Именно эта подавала чай впервые.
.
Как и другие, она приносила самовар и свежие, всегда свежие, не вымытые — другие, чашки. Как и другие, она отражалась в самоваре и пахла сосновым дымом. Как и других, её хотелось погладить по голове и спросить её имя. Но — некогда: мы считали до крови и дули до водянки. За смену мы проглатывали три отменных тульских самовара. Мы даже кровяной колбасы не ели, только пили и считали. Новая война выходила не в нашу пользу. Контр-адмирал, который проверял расчёты, топал хромовой ножкой, бряцал кортиком, сулил самую строгую корабельную гауптвахту. Но мы были гражданскими, мы только смеялись в записочках, передаваемых друг другу, когда адмирал убегали-с в праведных институтских слезах и кучерском мате.
.
Подав всего шесть самоваров, именно эта отправилась за мной следом, когда я после всех подсчётов пошёл на Центральный телеграф, чтобы непонятной телеграммой успокоить далёких заинтересованных лиц: можете, мол, начинать, торпеды мазали, мажут и будут мазать впредь, сколько бы миноносок их ни изрыгали.
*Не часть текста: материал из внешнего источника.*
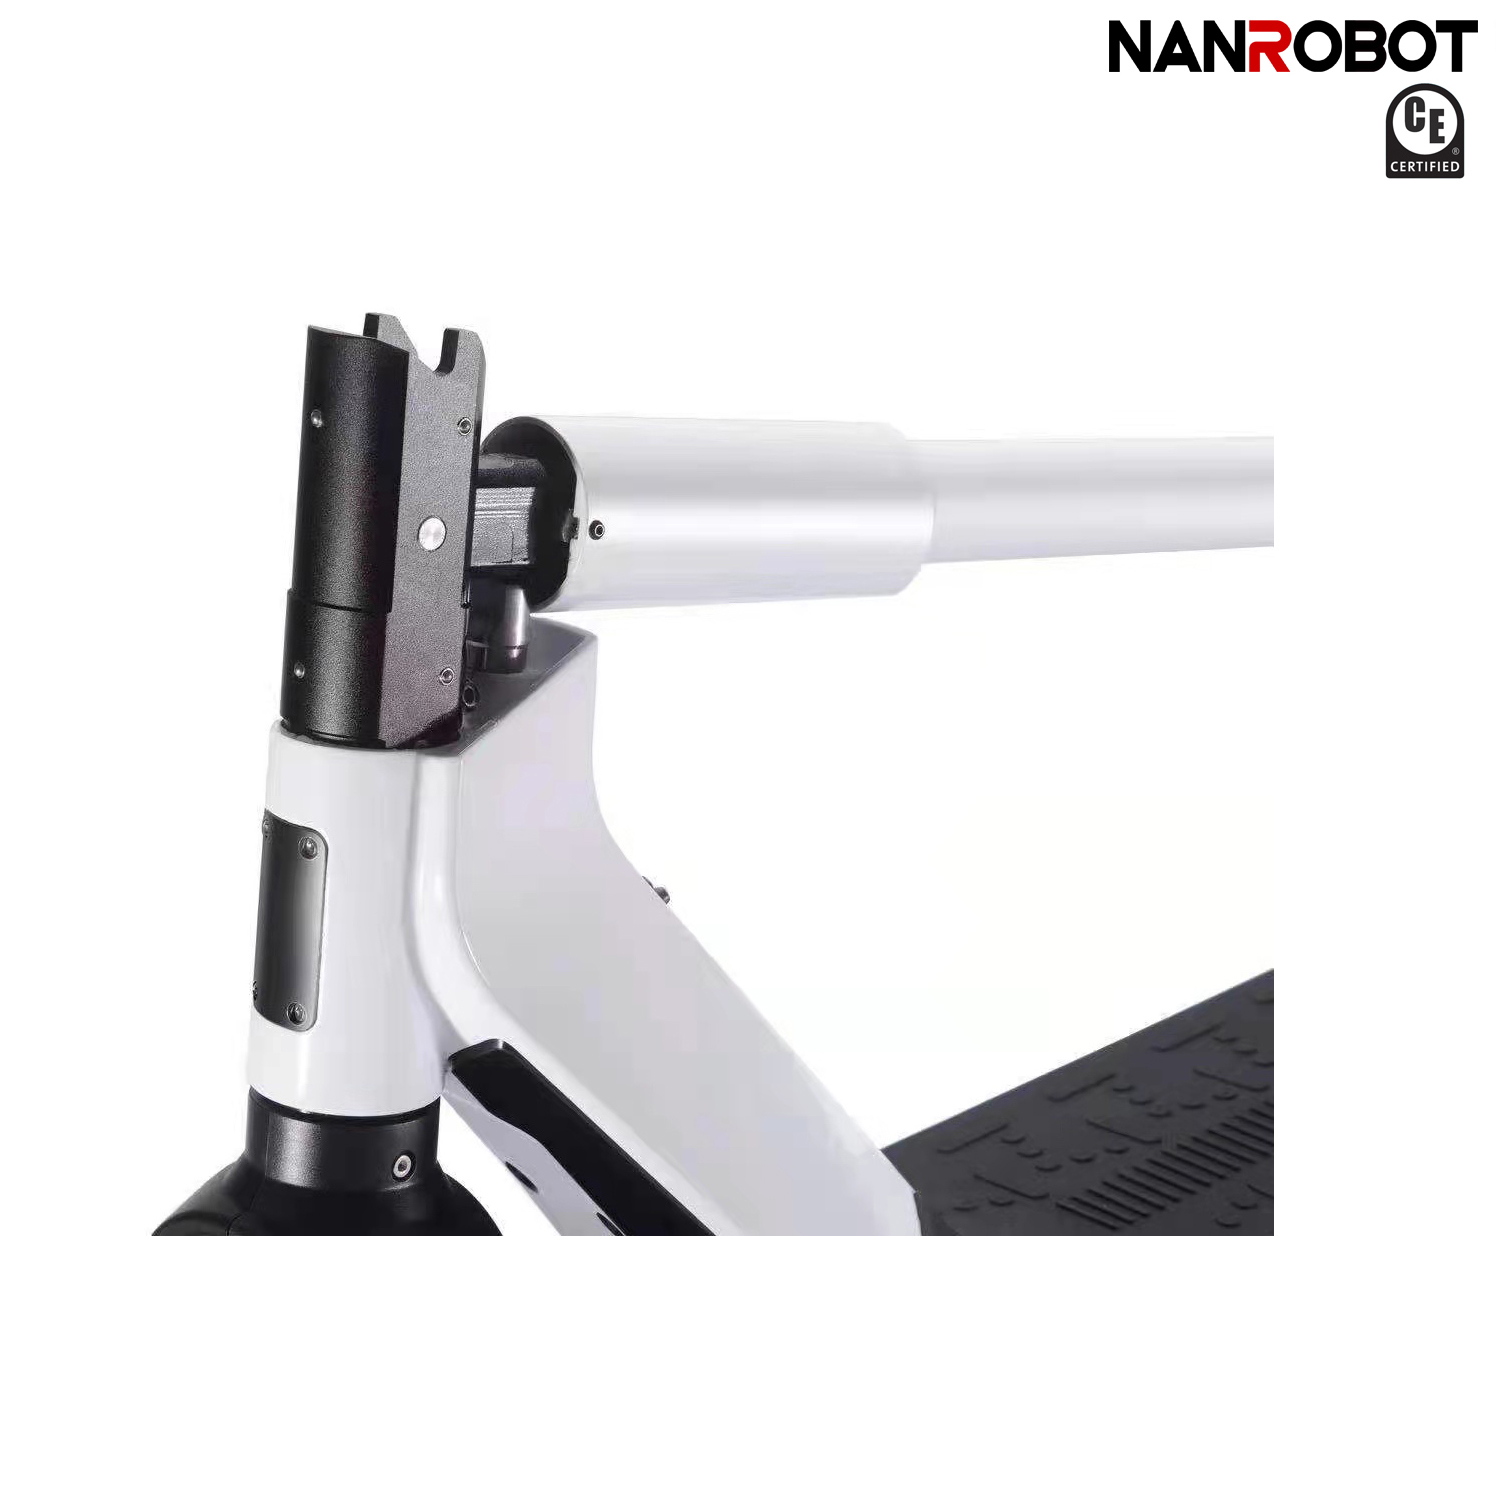 NANROBOT X-Spark ELECTRIC SCOOTER

Она почти не таилась, просто держалась поодаль. Ледокольный, я раздвигал падающий снег руками и таранил его грудью. А она постанывала и отставала. Я развернулся и пошёл ей навстречу: «Я помогу. Держитесь сзади близко-близко». Она отважно кивнула.
.
«Что такое? — спросил я её через плечо. — Зачем вам это? Что за блажь — тащиться в такой снег за незнакомым человеком бог знает куда?»
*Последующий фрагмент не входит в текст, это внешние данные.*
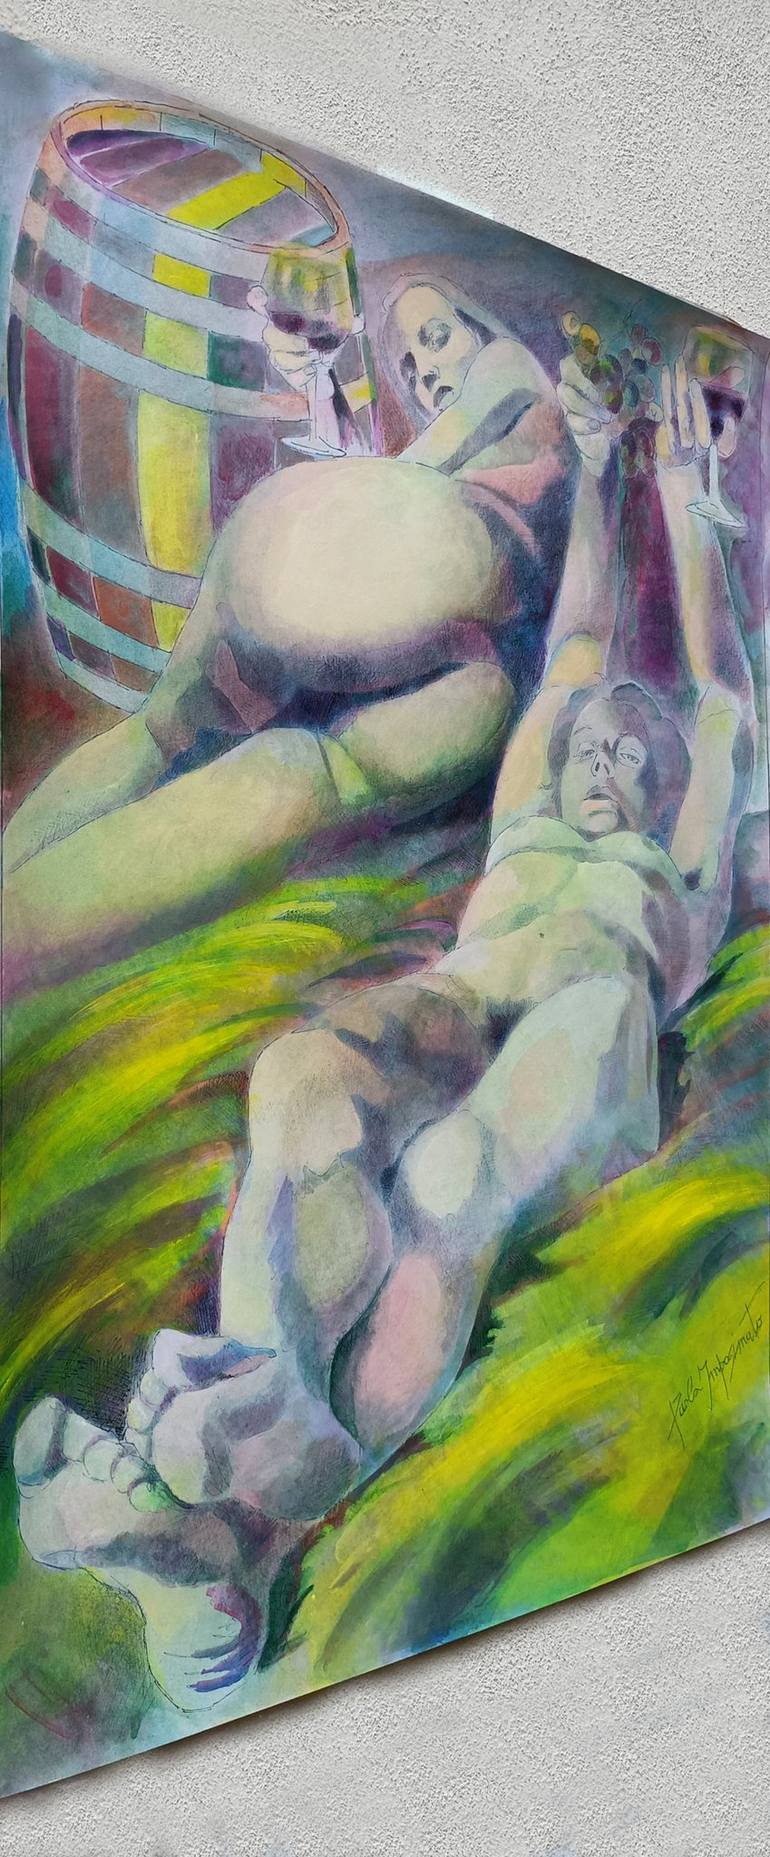 Original Fine Art Nude Painting by Paola Imposimato

«Влюбилась», — прошептала она.
«Этого не может быть», — захохотал я.
«Вы особенный», — заплакала она.
Я остановился и обернулся: плакала и не луковыми слезами.
.
С тарабарщиной, которая уже была в голове и которую я телеграфировал до востребования в один приморский город (из которого её переправят неведомым мне способом), было покончено. Она стояла в центре бессмысленно огромного зала. «Жду вас», — замахала она руками. Я подошёл. «Вы любите телеграммы?» — «Это были соболезнования. Соболезновать я не люблю». — «Так всё плохо?» — «Увы, да». — «И ничего нельзя поделать?» — «Только сокрушаться». — «Кто-то из знакомых?» — «Самая что ни на есть родная». — «Как же мне жалко». — «Спасибо. Но ничего уже не поделаешь». Она заплакала. Я дал ей платок: «Перестаньте, на вас драматично смотрят телеграфисты».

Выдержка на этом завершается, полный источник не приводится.